Percy Lavon Julian - Private Sector Work: Glidden

Private Sector Work: Glidden

After being denied a professorship at DePauw in 1936 for racial reasons, Julian applied for a job at the Institute of Paper Chemistry (IPC) in Wisconsin. However, the Wisconsin city of Appleton where the institute was located, was a sundown town, forbidding African Americans from staying overnight. DuPauw had offered a job to fellow chemist Josef Pikl, but declined to hire Julian, who had superlative qualifications as an organic chemist, apologizing that they were "unaware he was an African American".

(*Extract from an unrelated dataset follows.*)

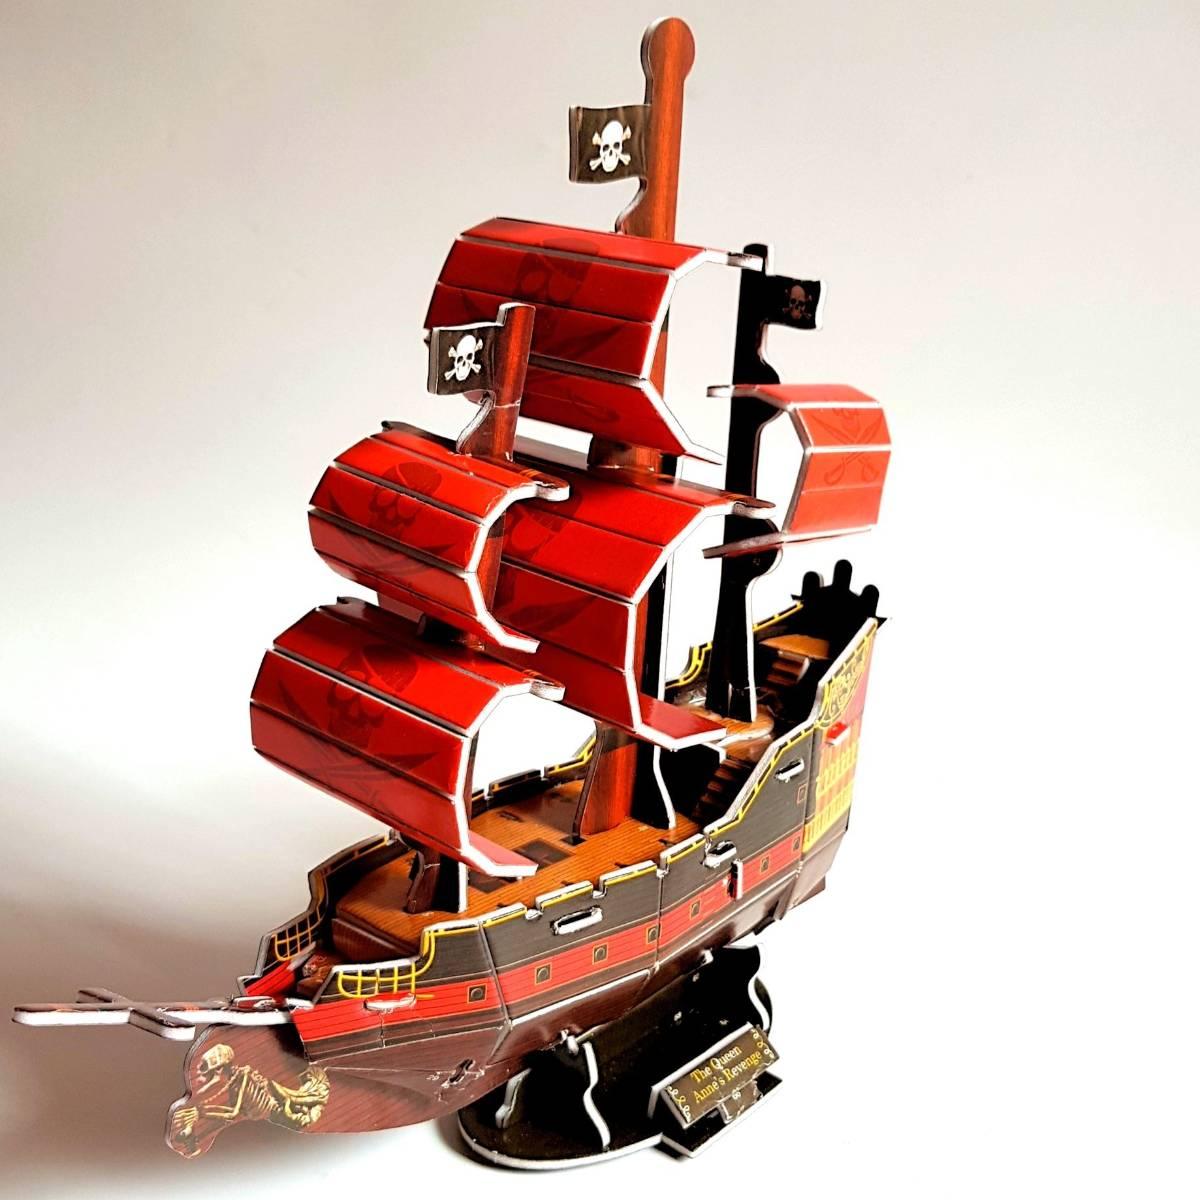 Mainan 3d Puzzle - Pirate Ship1

Julian wrote to the Glidden Company, a supplier of soybean oil products, in part because his wife was suffering infertility, to request a 5-gallon sample of the oil to use as his starting point for the synthesis of human steroidal sex hormones. After receiving the request, W.J. O'Brien, a vice-president at Glidden made a telephone call to Julian, offering him the position of director of research at Glidden's Soya Products Division in Chicago. He was very likely offered the job by O'Brien because he was fluent in German and Glidden had just purchased a modern continuous countercurrent solvent extraction plant from Germany for the extraction of vegetable oil from soybeans for paints and other uses.

Julian supervised the assembly of the plant at Glidden when he arrived in 1936. He then designed and supervised construction of the world's first plant for the production of industrial-grade, isolated soy protein from oil-free soybean meal. Isolated soy protein could replace the more expensive milk casein in industrial applications such as coating and sizing of paper, glue for making Douglas fir plywood, and in the manufacture of water-based paints.

At the start of World War II Glidden sent a sample of Julian's isolated soy protein to National Foam System Inc. (today a unit of Kidde Fire Fighting) of Philadelphia, PA which used it to develop Aero-Foam Aer-O-Foam the US Navy's beloved fire-fighting "bean soup"; and while not exactly the brainchild of Percy Lavon Julian it was the meticulous care given to the preparation of the soy protein that made the fire fighting foam possible. When a hydrolyzate of isolated soy protein was fed into a water stream, the mixture was converted into a foam by means of an aerating nozzle. The soy protein foam was used to smother oil and gasoline fires aboard ships and was particularly useful on aircraft carriers. It saved the lives of thousands of sailors. Citing this, in 1947 the NAACP awarded him the Spingarn Medal, its highest honor.